Of course, some types of changes are more acceptable than others.

Cutting a long novel for the sake of time is reasonable, and the Harry Potter films demonstrate that it can be done very well.  In the movies of the later books, some entire story lines were cut (e.g. House Elf rights!) but it was done in such a masterful way, preserving the key plot points, that it didn’t matter much.

Adding plot lines or character details is much more risky.  I cringed in Narnia  Movie #2 (Prince Caspian) at the addition of the cheesy romantic innuendo between Caspian and Susan. I imagined some fat Hollywood executive who had no appreciation for C.S. Lewis’s writing sitting back and saying, “This needs a romantic sub-plot! We can’t have a movie that doesn’t have teen romance in it!”  It made me gag.  However: it was minor enough that at least it didn’t spoil the movie for me.

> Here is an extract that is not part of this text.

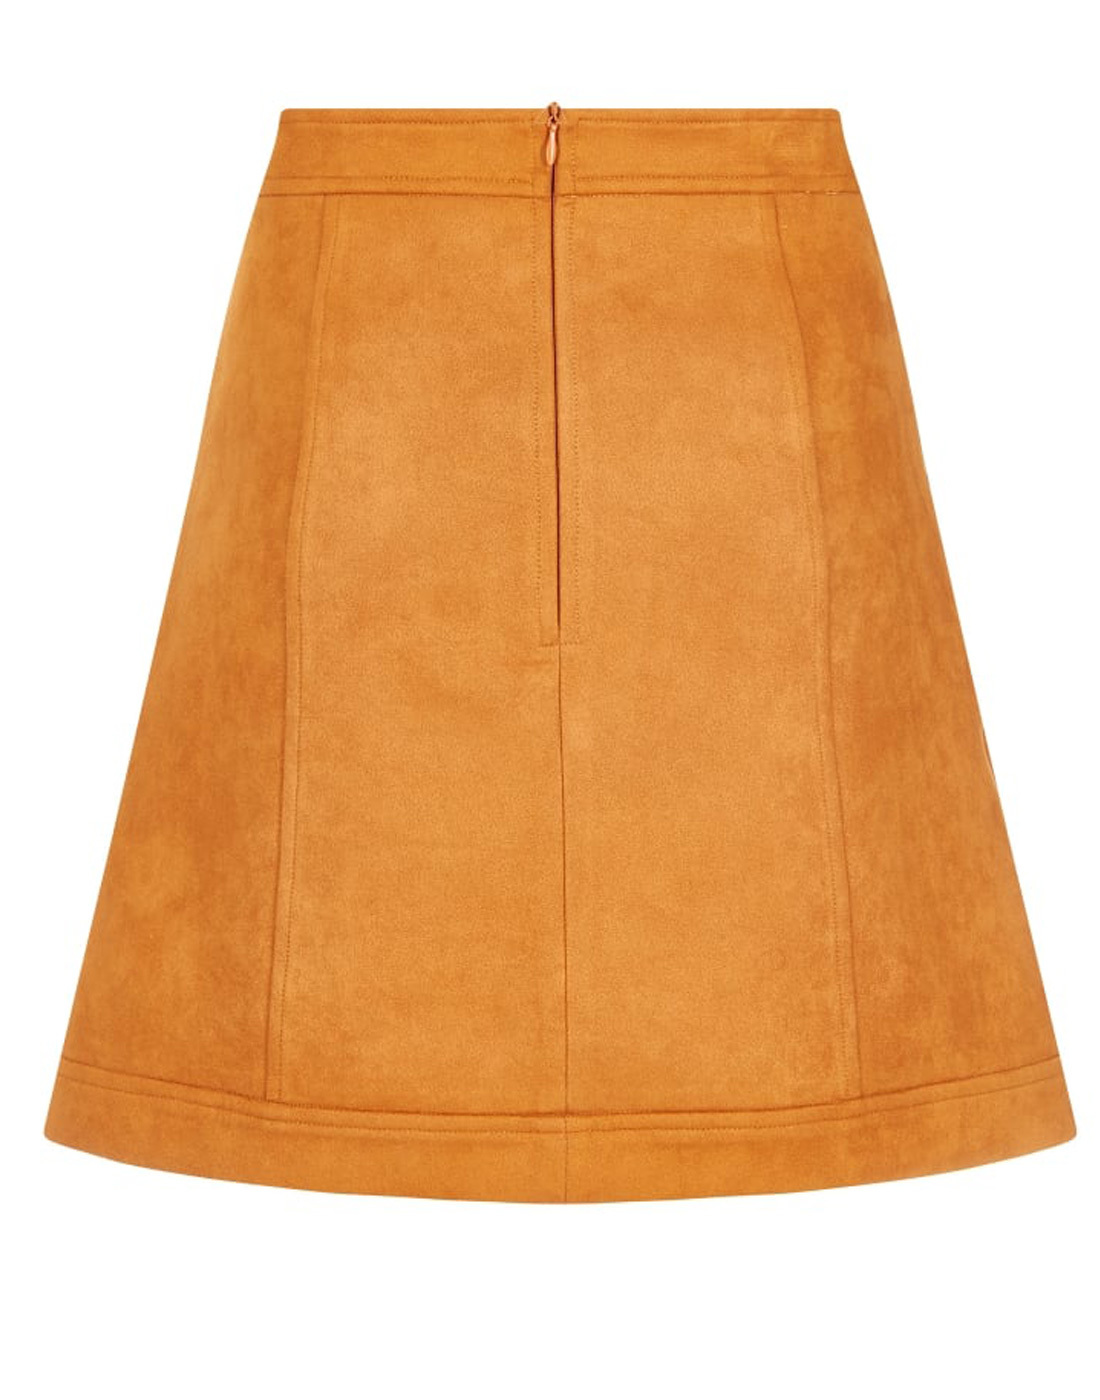 BRIGHT & BEAUTIFUL Lilca 1960s Mod Suedette Mini Skirt in Rust

When it gets too out of hand, though, it can completely destroy a movie. I had to walk out of the movie version of “Hitchhiker’s Guide to the Galaxy” after 20 minutes, because there was so much in the movie that was badly-written that had no connection to any of the books at all.

But whether talking about additions or cuts, there has to be respect for the existing fan base. If there is a “favorite line” or “favorite scene” that fans of the book are all looking forward to, and it isn’t in the movie, then the movie will be a failure: no further questions, end of story.

So this leaves open the question: what do I, personally, need to see done well in order to be happy with the movie of Ender’s Game? Just off the top of my head:

1) The battle room scenes have to be epic, but they have to be more than “shoot-’em-up” scenes in null gravity: they have to capture the sense of strategy that we get in the book.

2) The fist fight in the bathroom between Bonzo and Ender. This is one of the most tense and riveting personal confrontations in the book, and has to be done well.

 

What do I think they could get away with cutting?

1) The details of the Peter/Valentine political maneuvering.  They need to allude to this, because the dynamics of the relationship between Peter and Valentine are important to Ender’s storyline in a few places, but they could potentially cut some of the details.  Naturally, as a fan, I wish they wouldn’t…. but I’m not going to toss out my opinion of the entire movie if they do trim it back.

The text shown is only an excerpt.